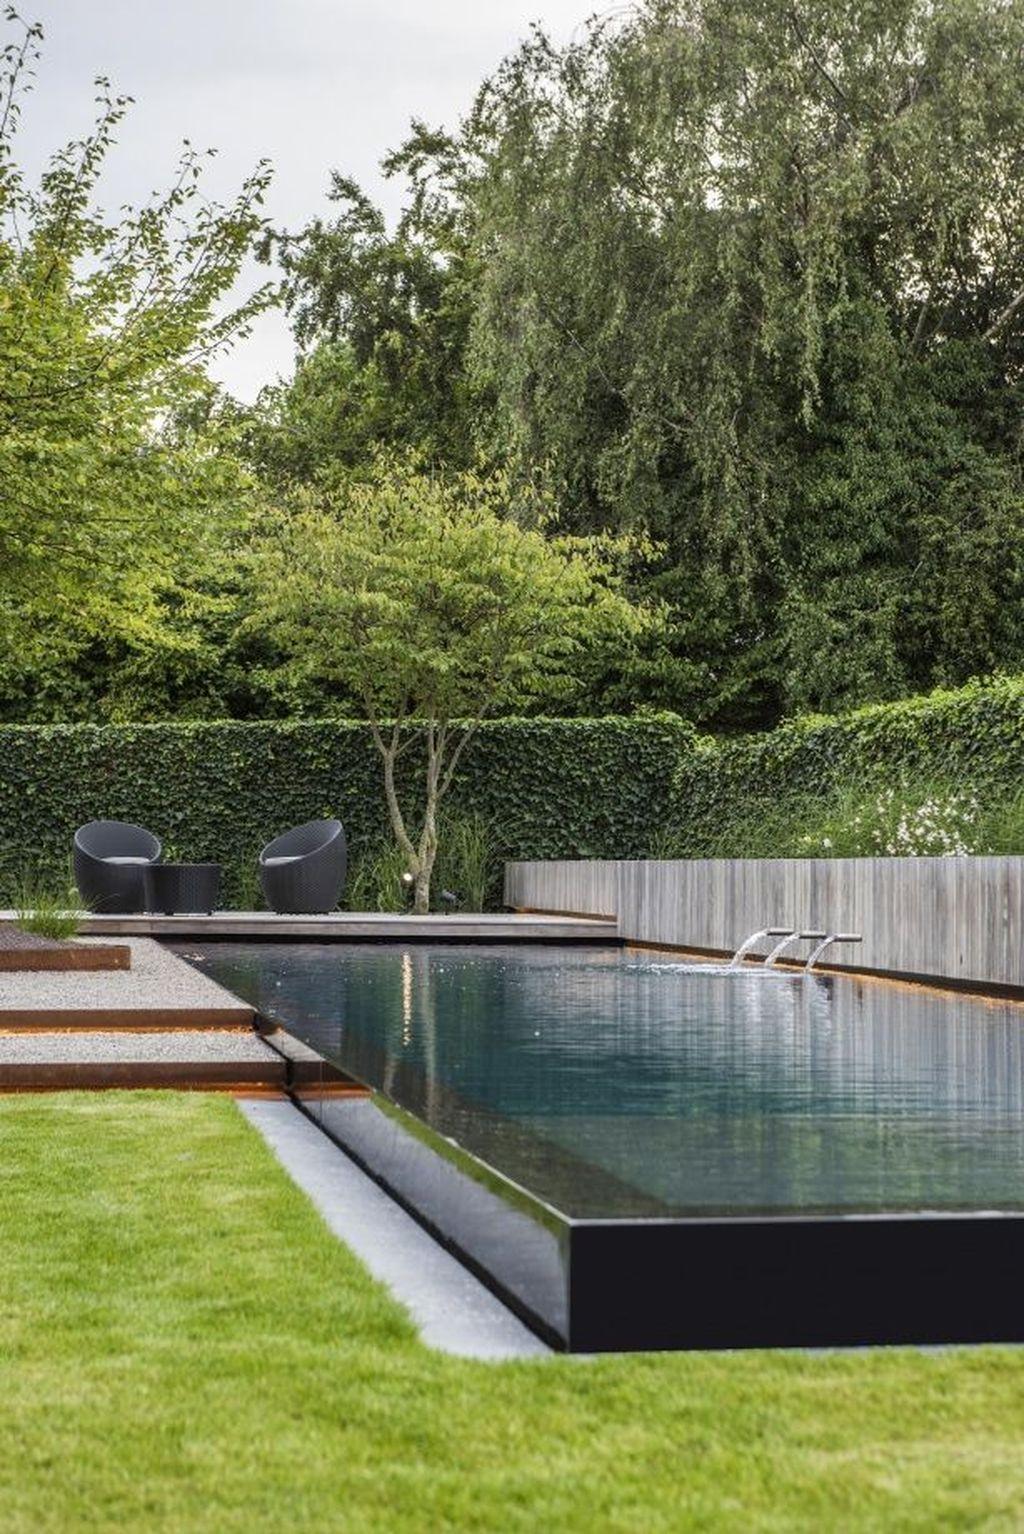 43 Cozy Swimming Pool Garden Design Ideas Pool Landscape Design Swimming Pools Backyard Backyard Pool Designs
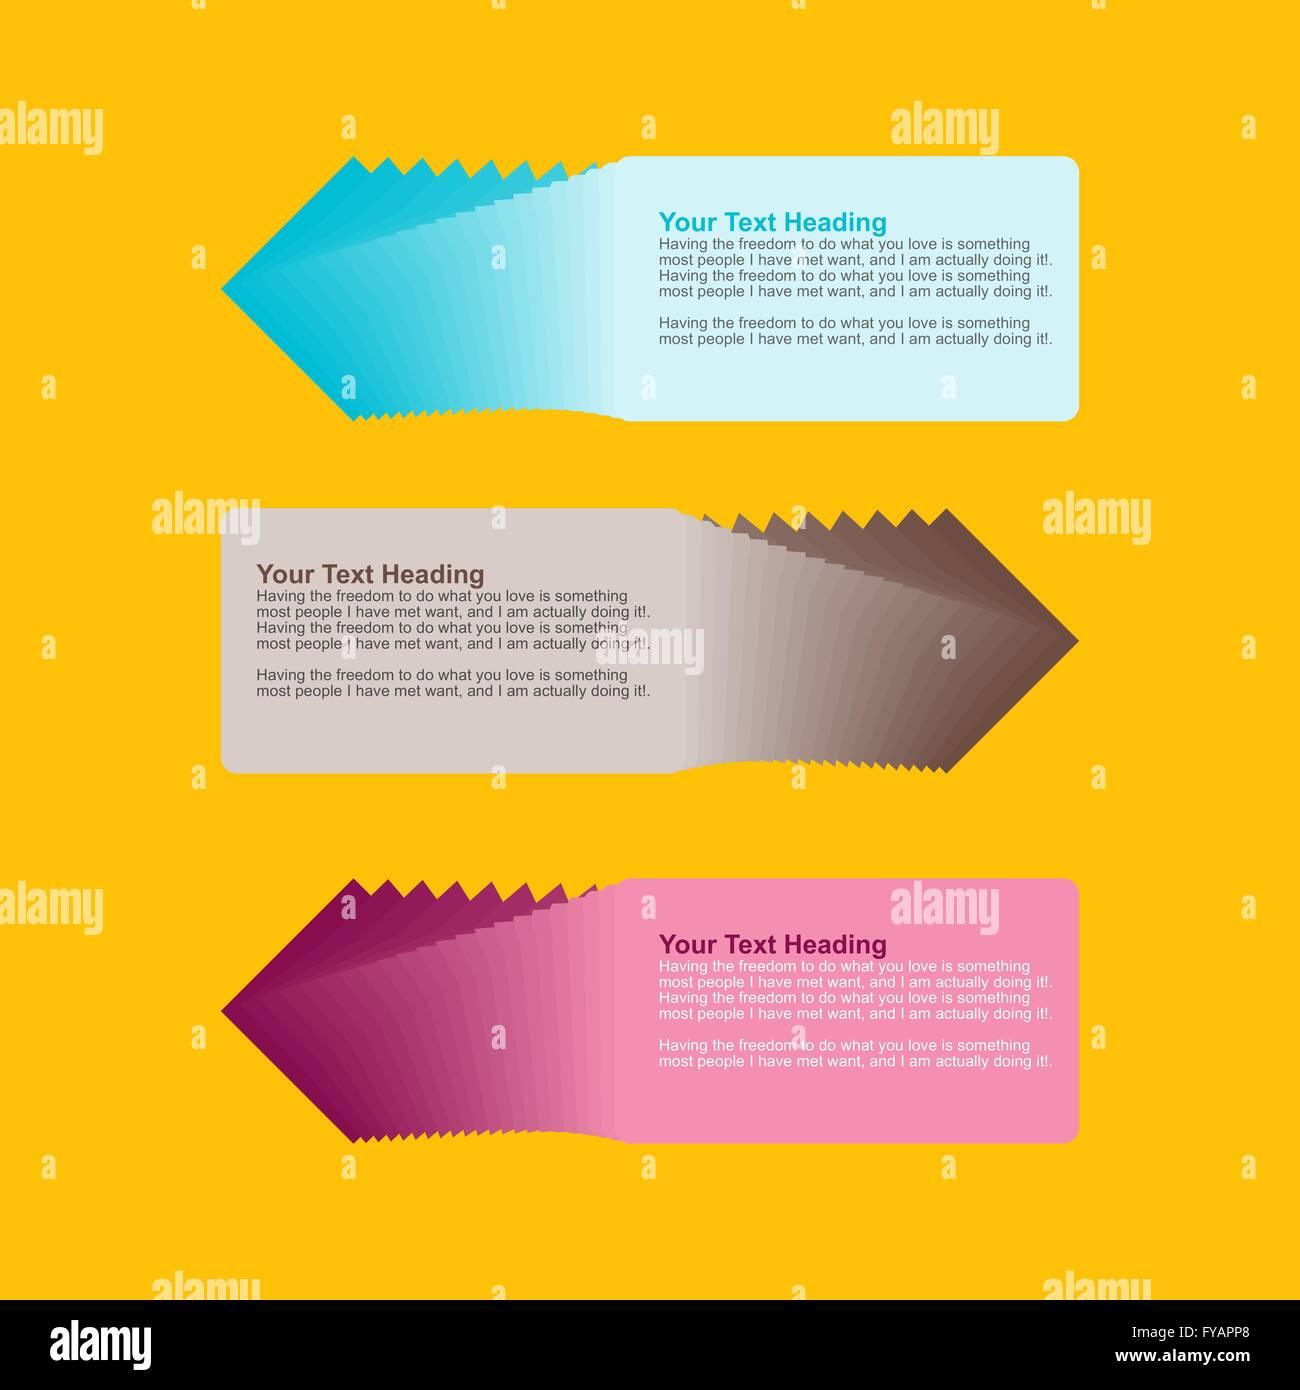 Infographics Design Template - Stock Image
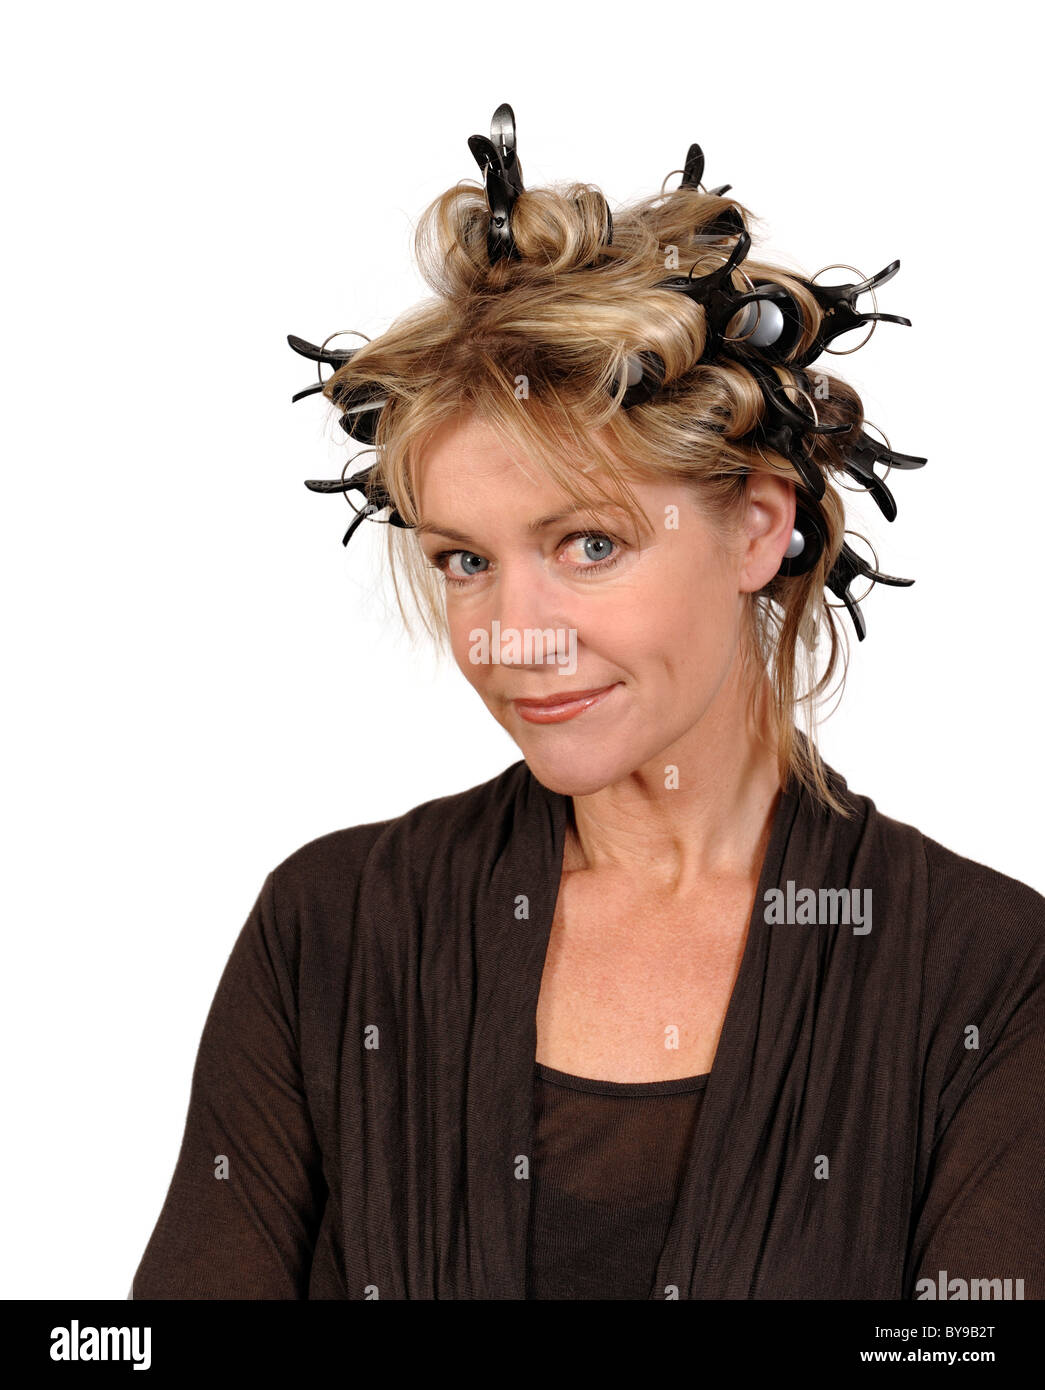 Mujer vistiendo rizadores de pelo Imagen De Stock

========================================================================

Every line above should be transcribed word for word; leave the pictures out.

 43 Cozy Swimming Pool Garden Design Ideas Pool Landscape Design Swimming Pools Backyard Backyard Pool Designs
 Infographics Design Template - Stock Image
 Mujer vistiendo rizadores de pelo Imagen De Stock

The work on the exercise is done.